Van Blerkom and Davis [44] indicated that the subplasmalemmal domains, including high-polarized mitochondria, were extruded as fragments from human embryo blastomeres and that this phenomenon caused failure to cleave during early embryonic development. In the present study, high-polarized mitochondria were frequently observed at the periphery of blastomeres in embryos derived from oocytes with extended IVM culture. These high-polarized mitochondria at the periphery of blastomeres might have already been extruded from blastomeres like in the previous report [44], and it is possible that the extrusion of high-polarized mitochondria from blastomeres causes lower early embryonic development of oocytes with extended IVM culture. However, in the present study, we were unable to confirm the clear extrusion of high-polarized mitochondria from blastomeres because the bovine embryos contained a large number of lipid droplets in their ooplasm, unlike human embryos [45], and it was necessary to press the embryos with a cover slide to observe the mitochondria stained by JC-1. In future study, we should examine the localization of high-polarized mitochondria in embryos derived from oocytes with extended IVM culture in detail by electron microscope analysis.

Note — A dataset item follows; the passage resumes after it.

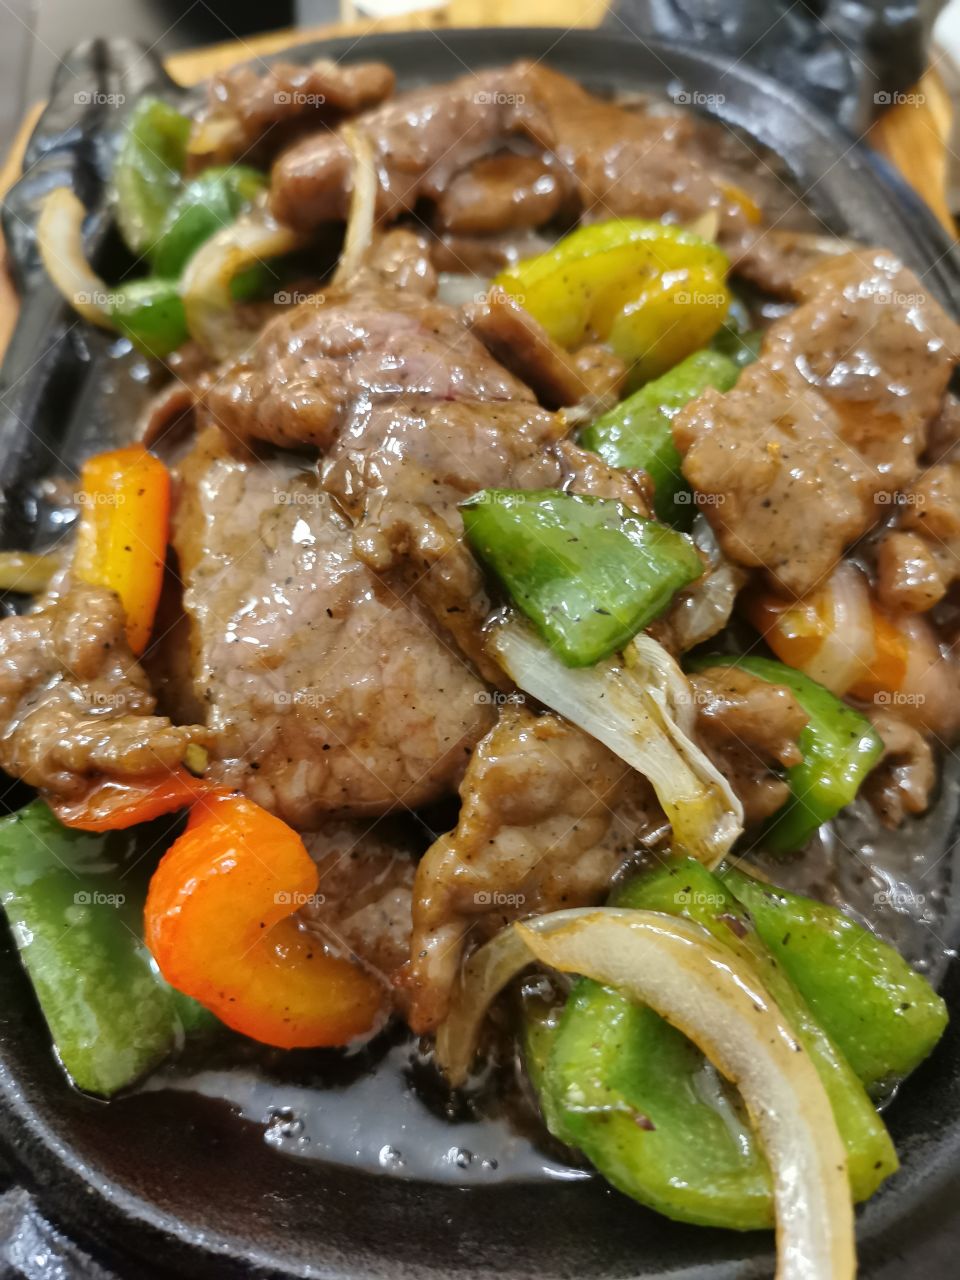 Beef, peppers and onion in black bean sauce.

Although the present study does not clarify the direct causal relationship between the enhanced mitochondrial activity and low developmental competence of bovine oocytes, the present results suggest that enhanced mitochondrial activity may be one of the reasons for low developmental competence of bovine oocytes after an extended duration of IVM culture. High-polarized mitochondria in oocytes are associated with elevated levels of ATP generation [46]. Tamassia et al. [21] indicated that the ATP content in ovum pick up (OPU)-derived oocytes did not increase during IVM culture but that the ATP content in abattoir-derived oocytes did increase. Also, it has been reported that OPU-derived bovine oocytes retained high developmental competence during longer periods of IVM culture than abattoir-derived oocytes [22]. These previous reports indicate that OPU-derived oocytes can control mitochondrial activity and that this ability contributes to maintaining high developmental competence during long periods. In the present study, blastocysts derived from oocytes subjected to 30–34 h of IVM culture had a similar number of cells to those derived from oocytes subjected to 22 h of IVM culture. This suggests that some oocytes subjected to more than 30 h of IVM maintain their developmental competence. In future studies, we should examine the mechanisms of maintenance of mitochondrial activity in in vitro-matured bovine oocytes and the relationship between mitochondrial activity and developmental competence in detail.

In conclusion, the present study suggests that low developmental competence of bovine oocytes with extended IVM culture is probably not due to low mitochondrial activity or low ATP content but is probable due to high mitochondrial activity at fertilization and localization of high-polarized mitochondria at the periphery of blastomeres during early embryonic development. Enhanced mitochondrial activity seems to have detrimental effects on the developmental competence of bovine oocytes, and this is possibly related to oocyte aging in vitro. Future detailed studies on the relationship between enhanced high mitochondrial activity at fertilization and subsequent embryo development should be conducted.